To address this limitation, we introduce MUTFER2024, a novel dataset developed at Mangosuthu University of Technology. MUTFER2024 aims to minimize racial bias in FER systems by providing an extensive collection of facial emotion images from African participants. The dataset comprises 13,032 images collected from 300 individuals, including students and staff members, and is categorized into seven emotion classes: happy, sad, angry, surprised, neutral, disgusted, and fearful.
This paper details the methodology employed in data collection, segmentation, and categorization. Facial emotion images were gathered through structured submission protocols to ensure diversity in expressions. Subsequently, the images were meticulously segmented and categorized into the specified emotion classes. Data were collected under real-world conditions using mobile and computer cameras. The dataset is hosted on GitHub and can be used to train emotion recognition models for underrepresented African populations.

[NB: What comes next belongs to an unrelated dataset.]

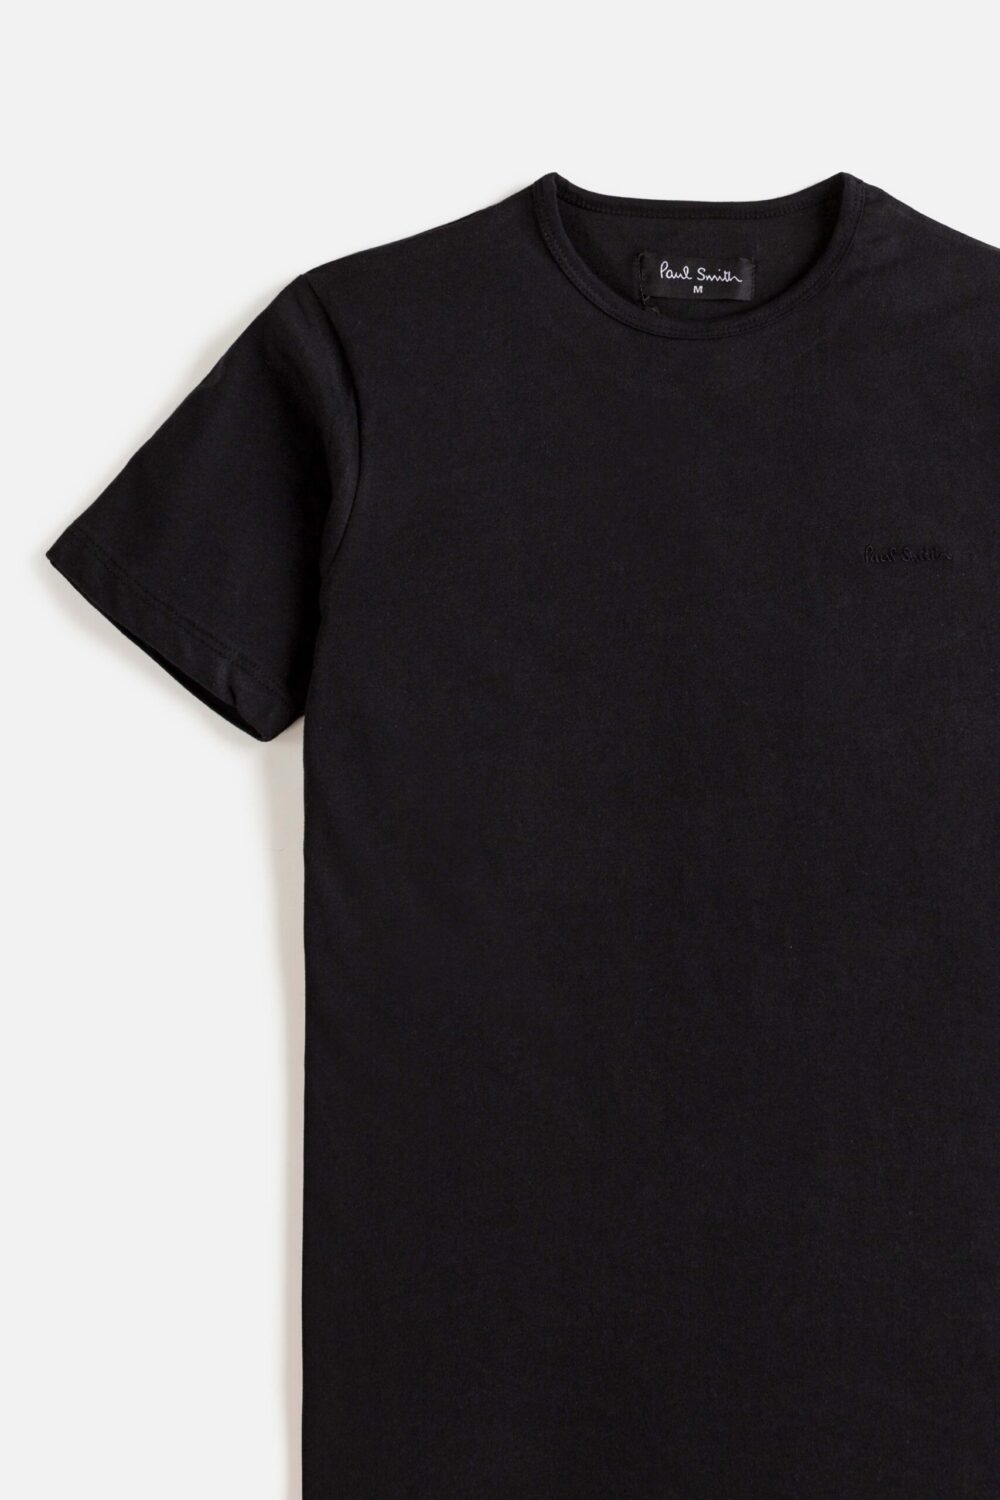 Paul Smith Original Cotton T Shirt – Black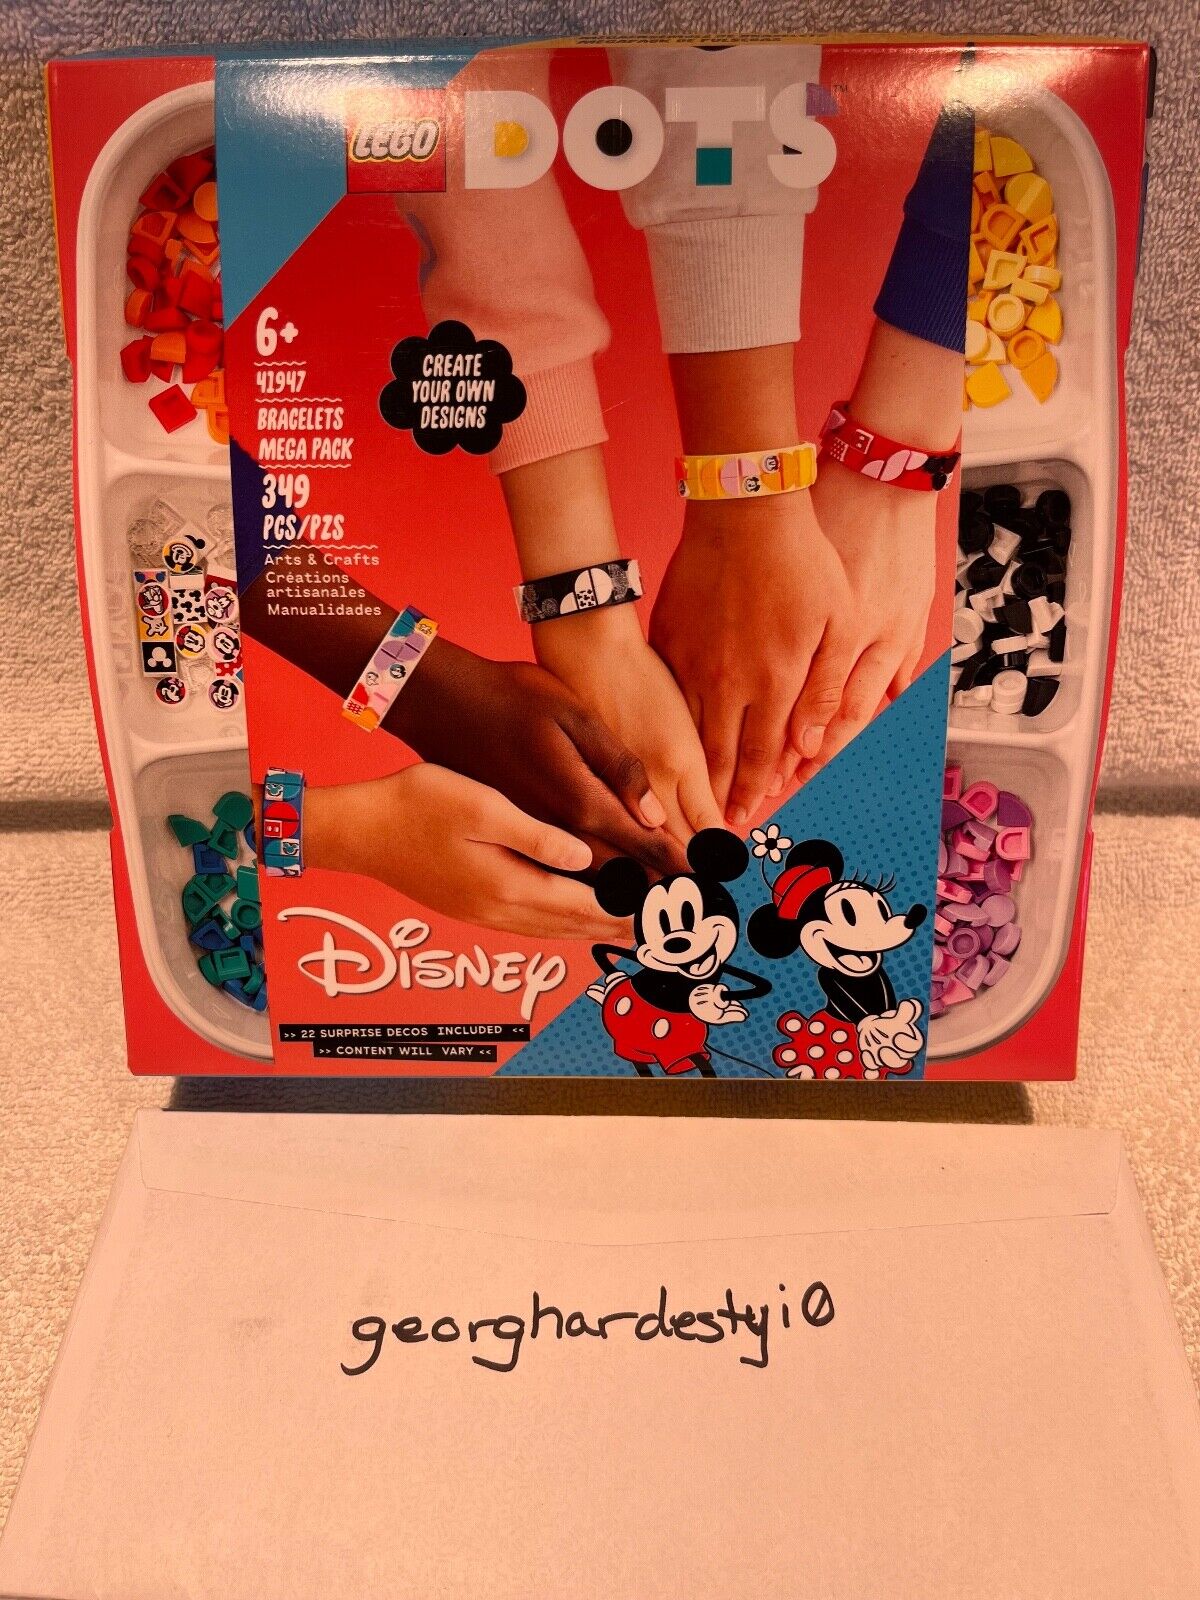 LEGO DOTS: Mickey and Friends Bracelets Mega Pack (41947)

Keywords: Collection methods, Preprocessing techniques, Potential applications
Specifications Table
| Subject | Computer Science |
| Specific subject area | Facial Emotion Recognition |
| Type of data | Image (JPEG) |
| Data collection | Images captured via mobile/computer cameras; frontal views; no controlled lighting/hairstyle. |
| Data source location | Computer Lab FF26 and GF22 in the Department of Electrical Engineering at Mangosuthu University of Technology |
| Data accessibility | Repository name: Zenodo (GitHub archive) Data identification number (DOI): 10.5281/zenodo.14448590 Direct URL to data: [https://doi.org/10.5281/zenodo.14448590](https://doi.org/10.5281/zenodo.14448590) License: The dataset is publicly available under a CC-BY 4.0 license. Users can download the data directly from the Zenodo DOI link. |
1. Value of the Data
-
•
MUTFER2024 provides facial emotion images collected from two distinct sources: mobile phone cameras (via a facial emotion game) and computer cameras (via a web app). This dual-source approach ensures variability in image acquisition.
-
•
The dataset includes 13,032 images of seven emotion classes (happy, sad, angry, surprised, neutral, disgusted, fearful) from 300 South African participants, addressing the underrepresentation of African populations in existing FER datasets.
-
•
Images were captured under real-world conditions without constraints on lighting, background, hairstyles, facial hair, or accessories, reflecting natural diversity in facial expressions and environments.
-
•
The dataset supports the training and validation of FER algorithms tailored for African contexts, enabling researchers to benchmark or adapt models (e.g., via transfer learning) for underrepresented demographics.
-
•
Public accessibility on GitHub allows reproducibility and reuse in studies focused on reducing racial bias in emotion recognition systems.
2. Background
The MUTFER2024 dataset was created to address the underrepresentation of African faces in existing Facial Emotion Recognition (FER) datasets. Most FER systems are trained on datasets dominated by Western populations, leading to racial bias and reduced accuracy for African demographics [1]. This limitation affects applications in human-computer interaction, healthcare, and security, where inclusive and equitable performance is critical.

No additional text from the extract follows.